A dear couple that I know through my work at a local non-profit stopped by today with a gift of FOUR pints of strawberries, freshly picked from a local grower. They are bright red with brilliant green tops and you can smell their sweetness before you ever bite into that delicious flesh. Abby and I have already gone through close to half of them.
This couple is no ordinary husband and wife. I met them before they retired, before they had time to pick strawberries in the middle of the day in the middle of the week. The Mrs. served on the finance council and was winding down a very productive career as a businesswoman. She was sharp, very sharp. The Mr. was getting set to retire from years of self-employment. Over the next few years, they indeed retired and settled into the quiet years of garden puttering, wood working, bike riding, trips to see children and grandchildren... and then the Mrs. was diagnosed with Alzheimer's disease.
Her husband has not let this diagnosis change who they are to a large extent. They still travel to see the children and grandchildren, even though the Mrs. can't always remember where they are going and whom they are going to see. Volunteer work (including strawberry deliveries!) is still undertaken. She is still neatly dressed and if he doesn't quite match things as she would have, or her hair isn't as precisely combed as it was before, no one would ever say. Most would never notice. You can't get past the gorgeous, child-like happy smile that is almost always on her face.
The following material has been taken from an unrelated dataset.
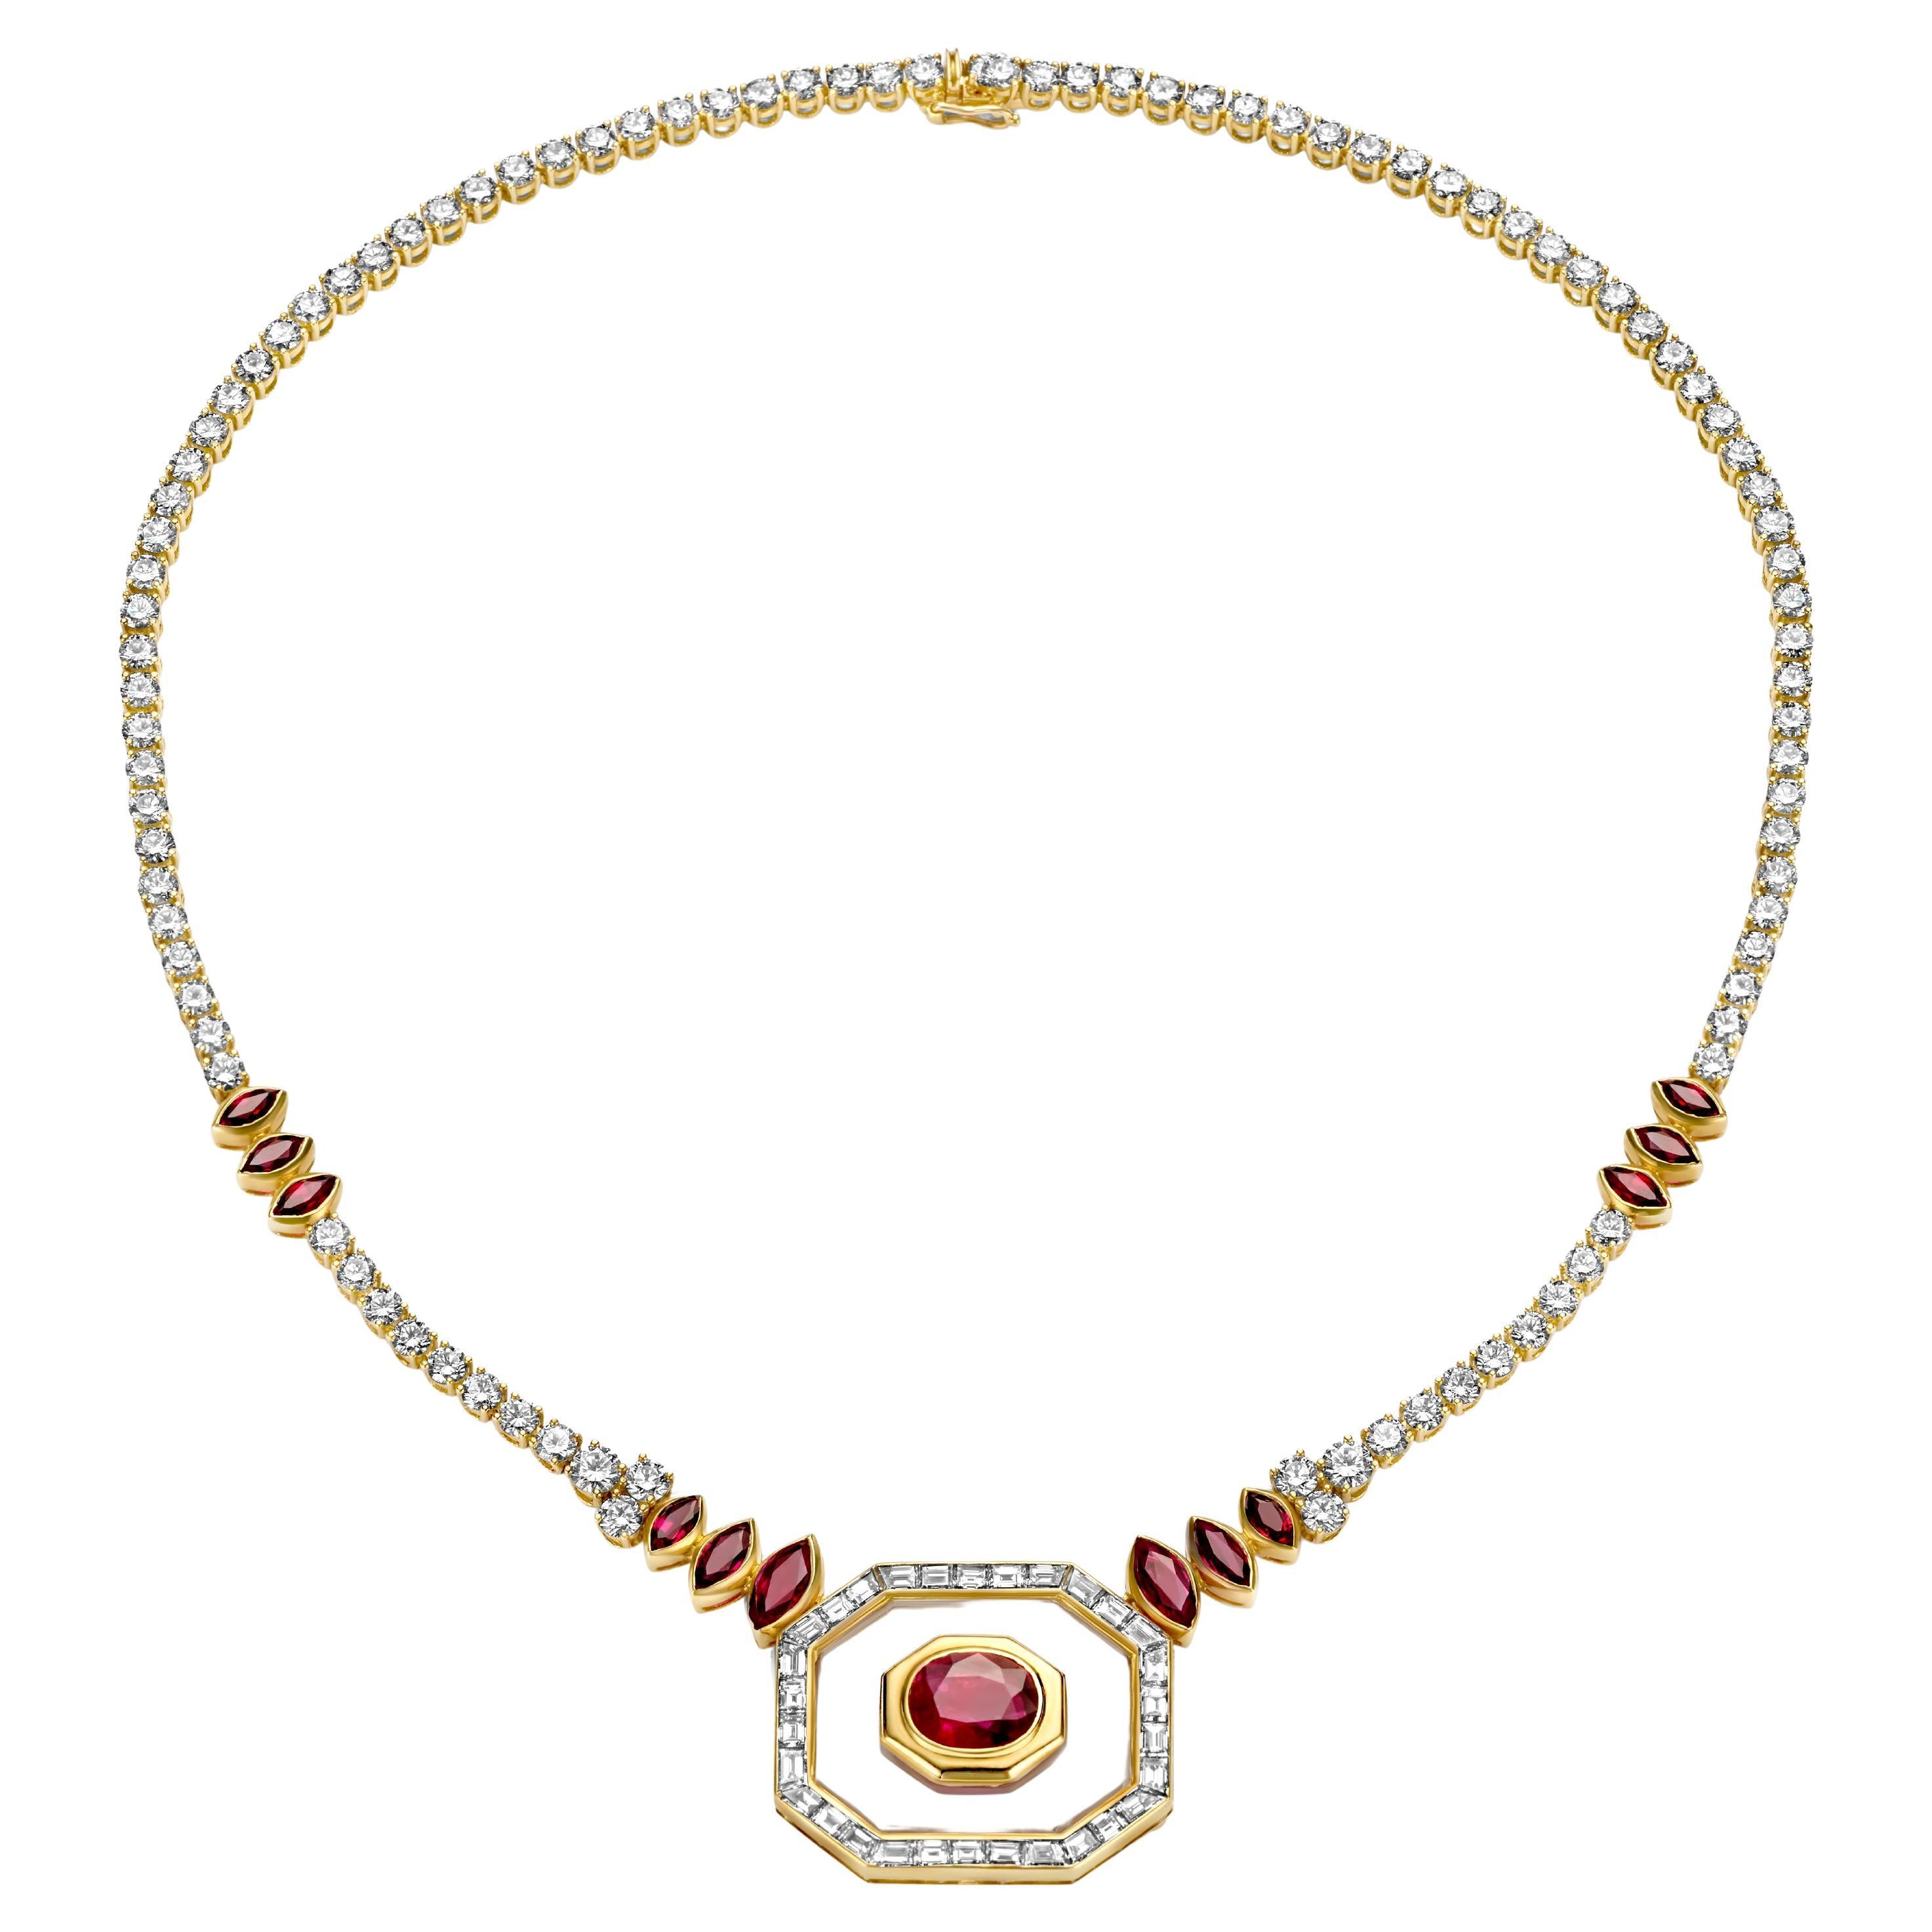 Asprey London Collier de rubis et diamants, succession du sultan Oman Qaboos Bin Said

Watching him maintain, at what must be great sacrifice to himself, her safe, secure world is stunningly beautiful. She watches every move he makes, for he has become all that she can remember, her only touchstone and connection with what is real. Even if she doesn't know why, can't remember much of who she is, who they are, she knows she is loved. Sweetly, gently. Forever.
Everytime I fish a strawberry out of the basket, I think how wonderful that kind of love is. How beautiful to witness the sweetness of love, not in the blush of youth and joy when life rises up to meet you, but in the wane of life, as days grow shorter and life grows harder. How beautiful.